PROBLEM DESCRIPTION:
In the data below, find the line with "Weiße Blüten von" and output it along with every later line, exactly, but not the pictures.

RAW DATA:

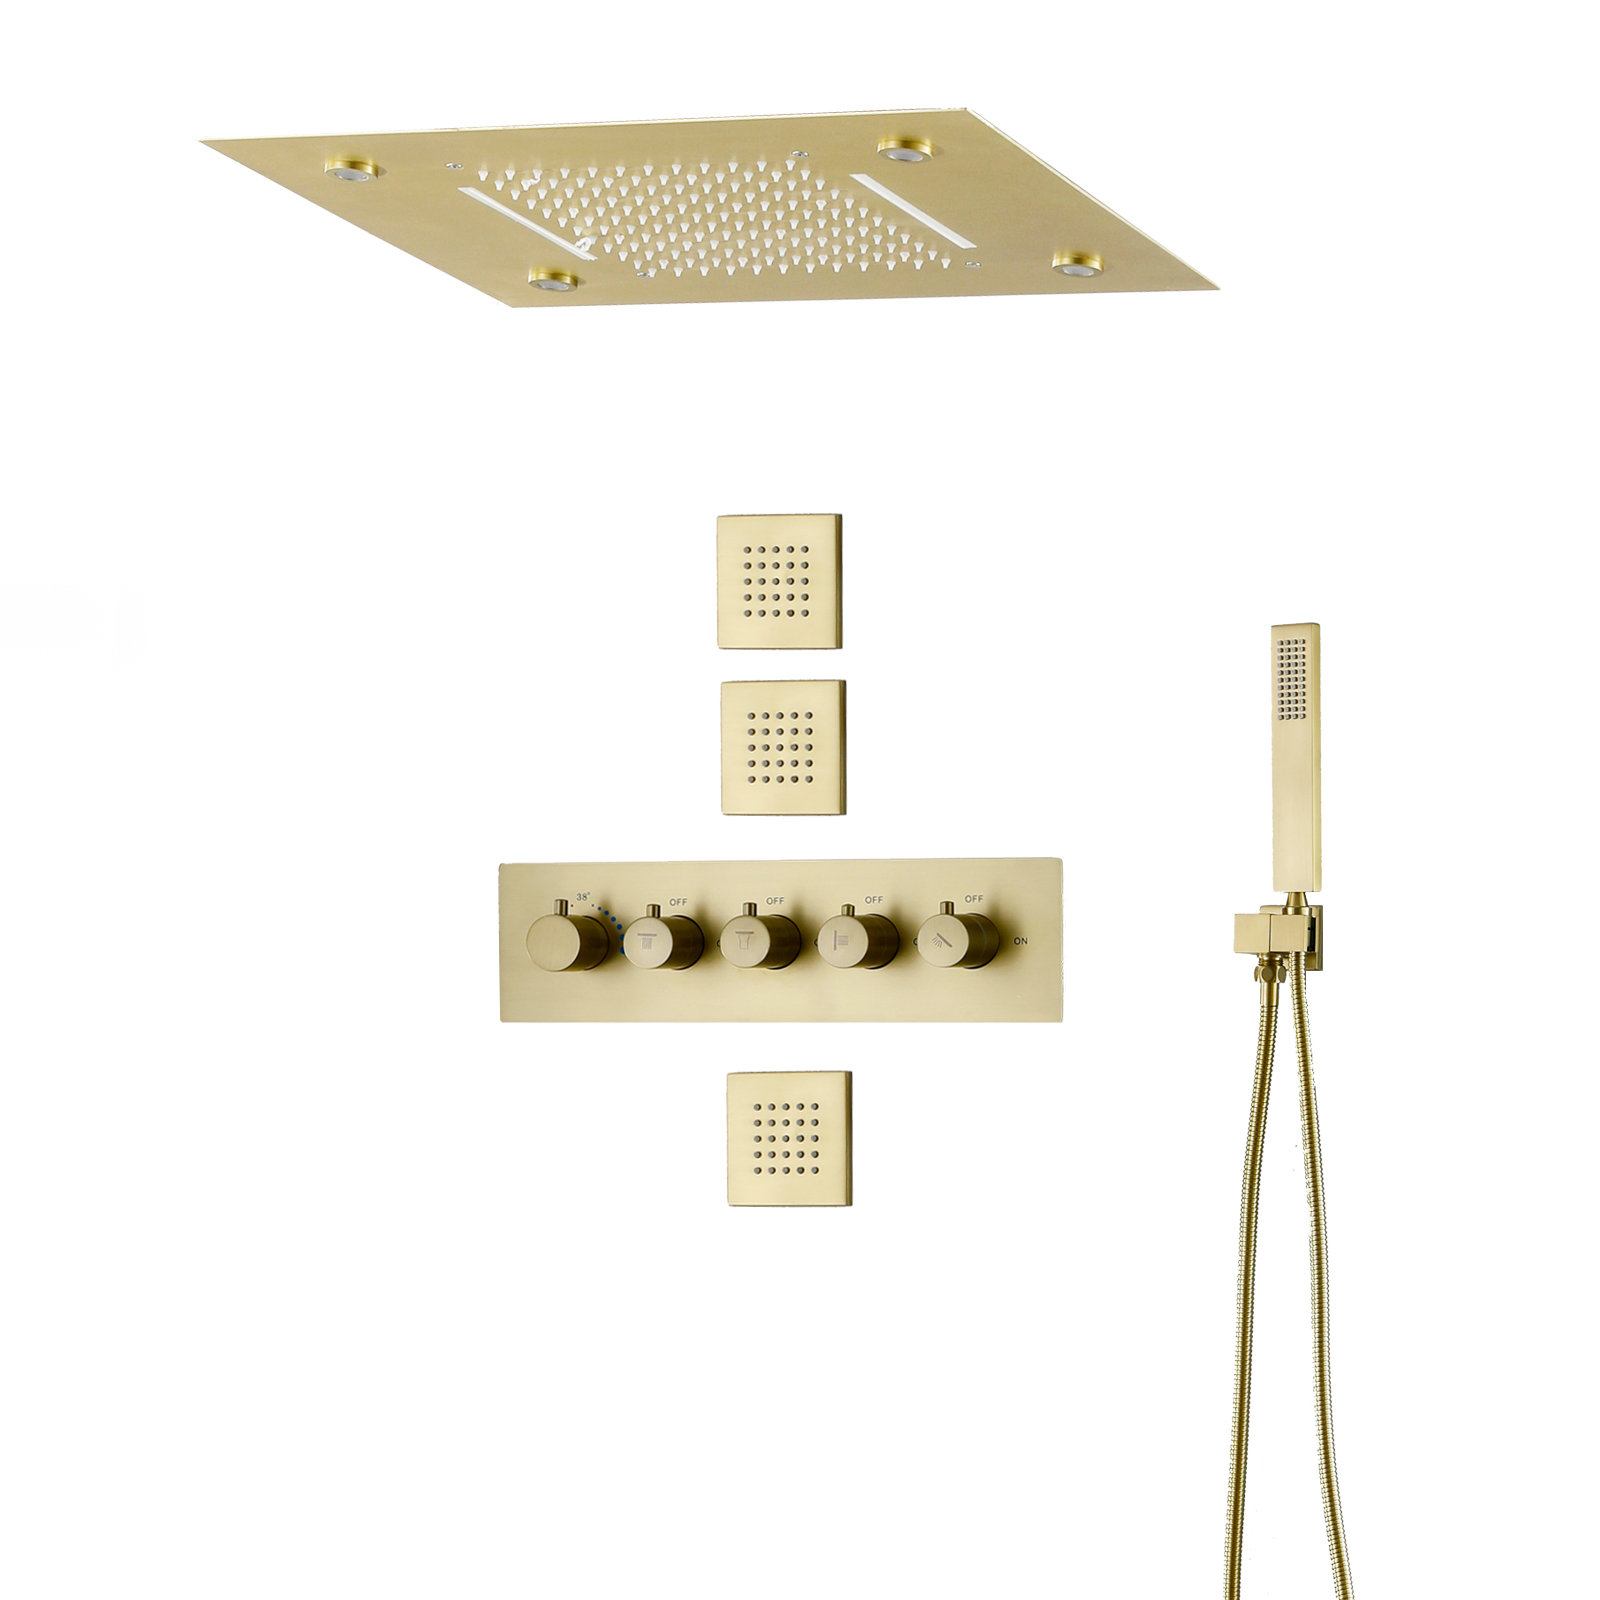 Sistema de ducha de lluvia termostática de oro cepillado mezclador de baño con cabezal de ducha tipo lluvia en cascada LED de 14 x 20 pulgadas
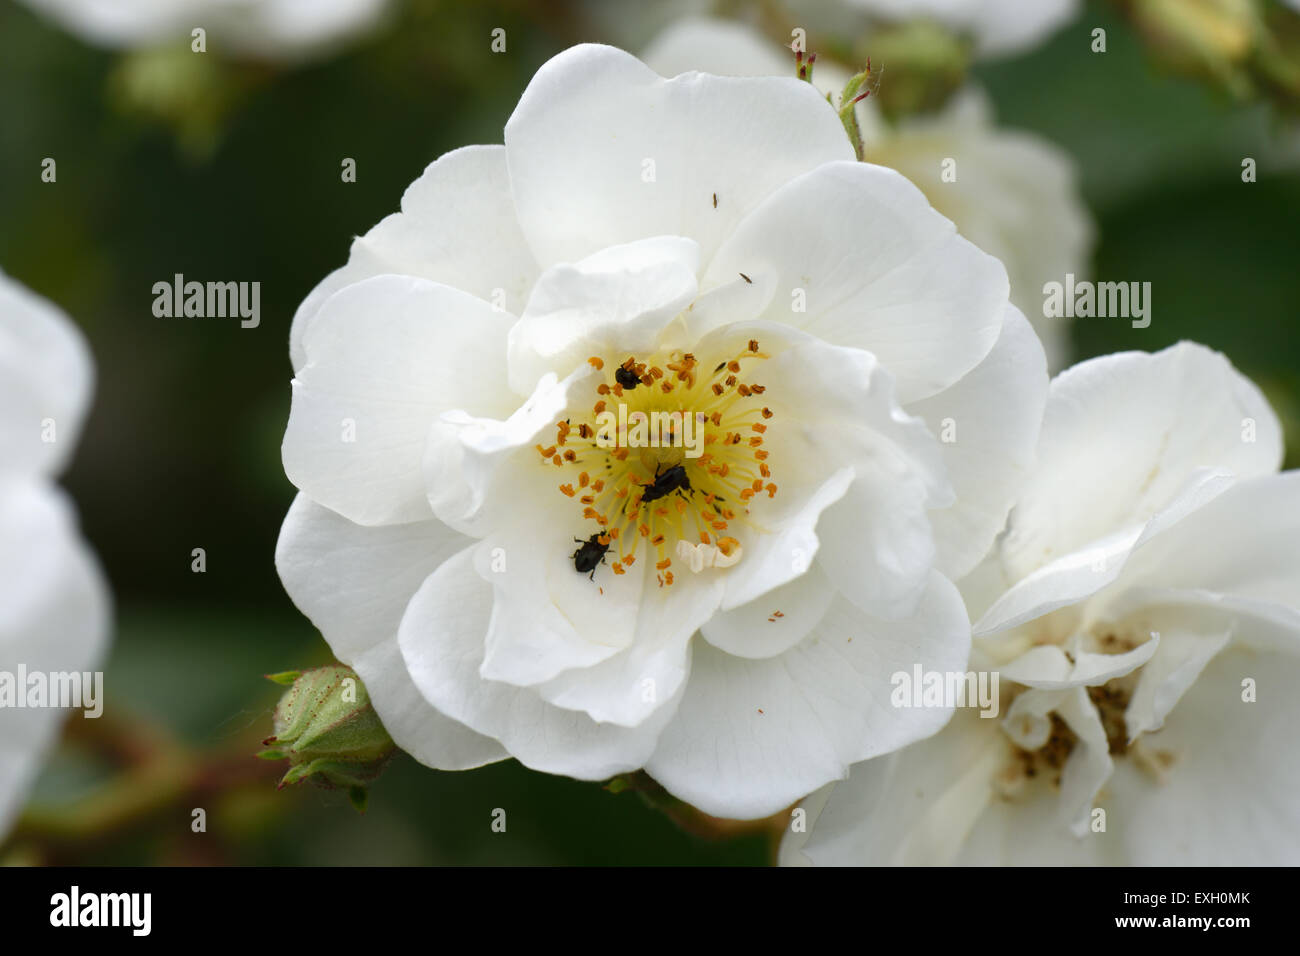 Weiße Blüten von einer weitläufigen Rektor rose mit Pollen Käfer, Berkshire, Juni Stockfoto
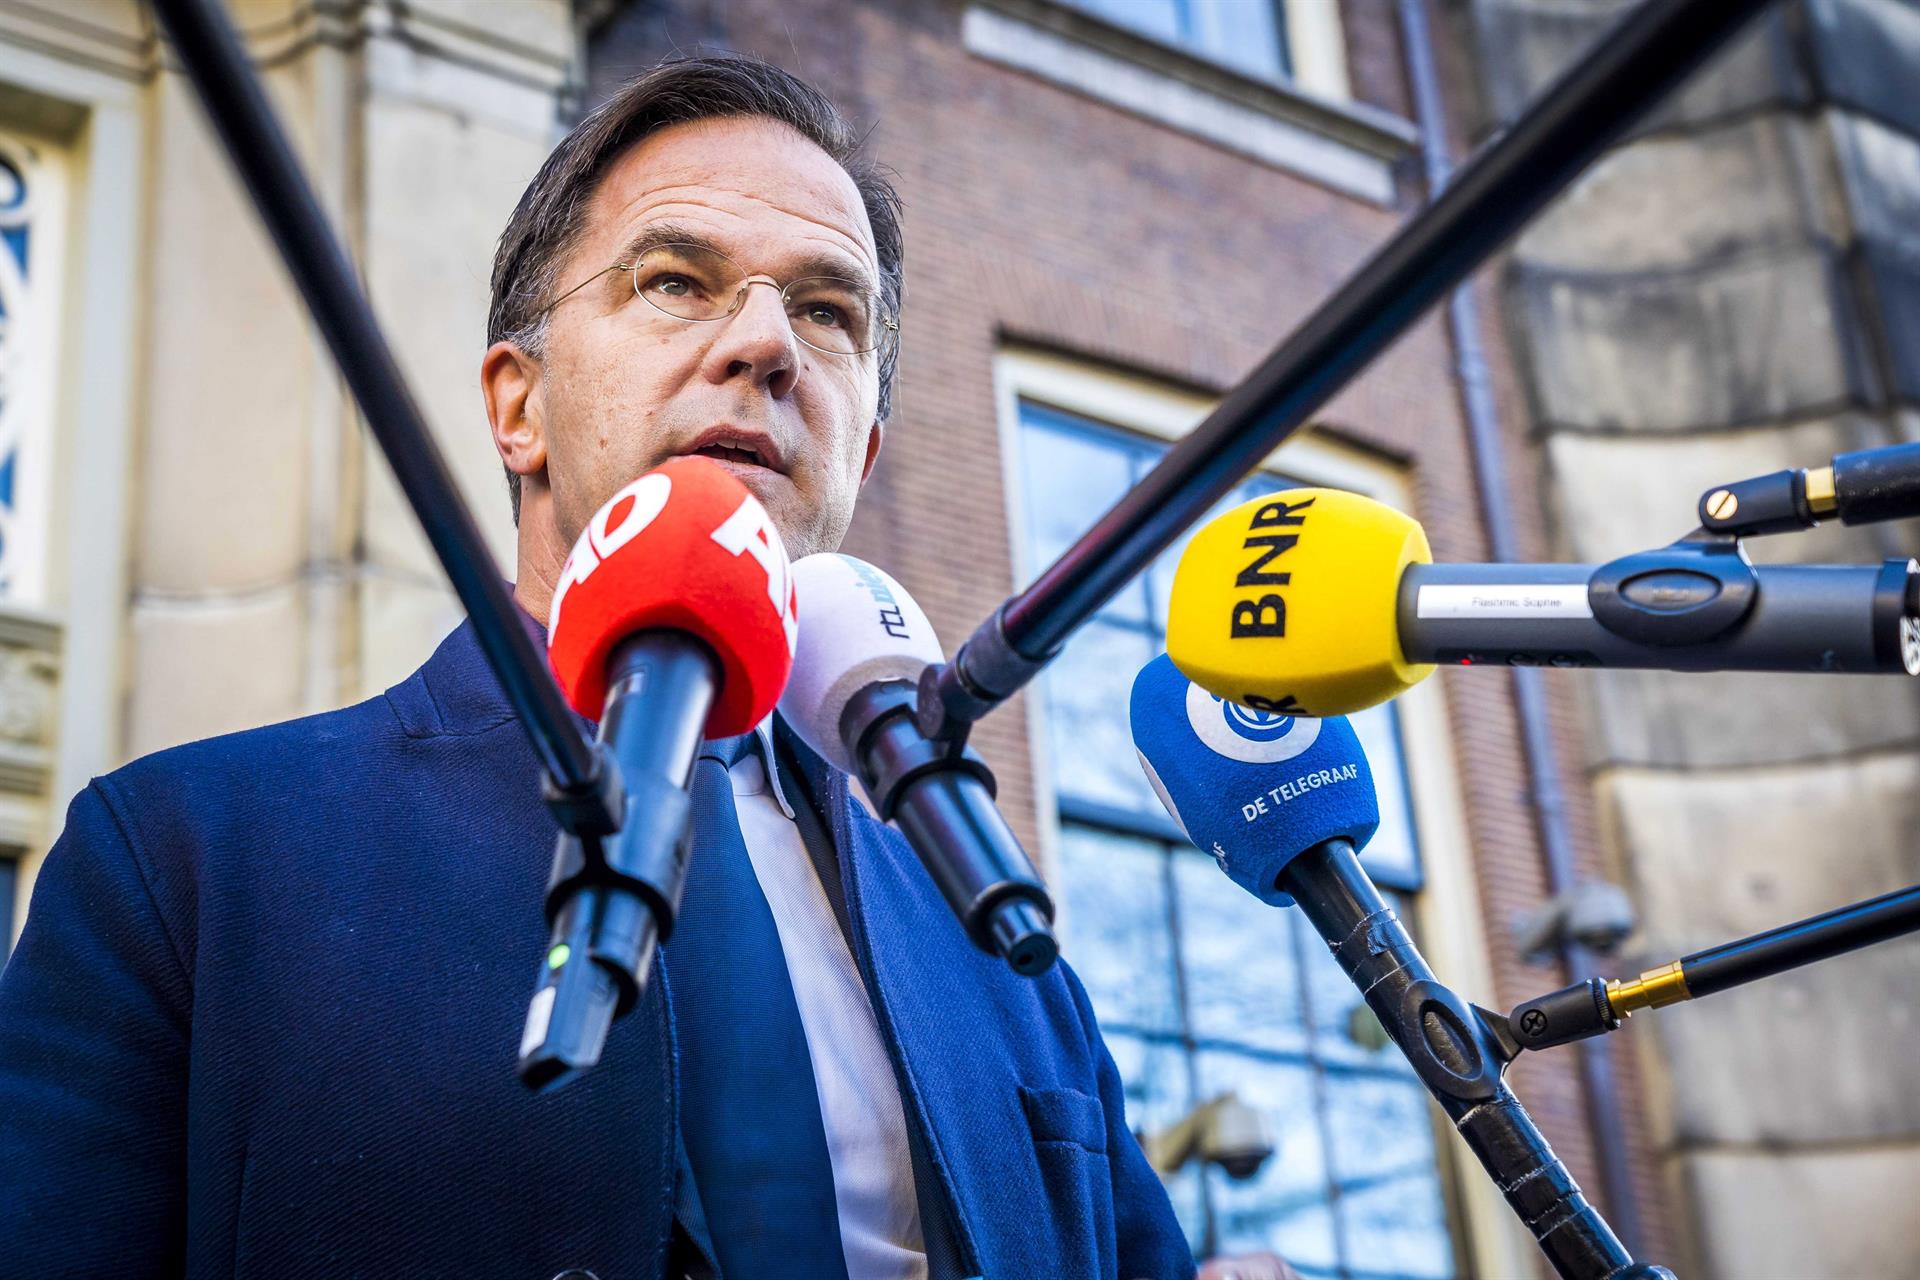 Primer ministro de Holanda llama ‘Idiotas’ a quienes protestan contra restricciones covid

EXERCISE ANSWER:
 Weiße Blüten von einer weitläufigen Rektor rose mit Pollen Käfer, Berkshire, Juni Stockfoto
 Primer ministro de Holanda llama ‘Idiotas’ a quienes protestan contra restricciones covid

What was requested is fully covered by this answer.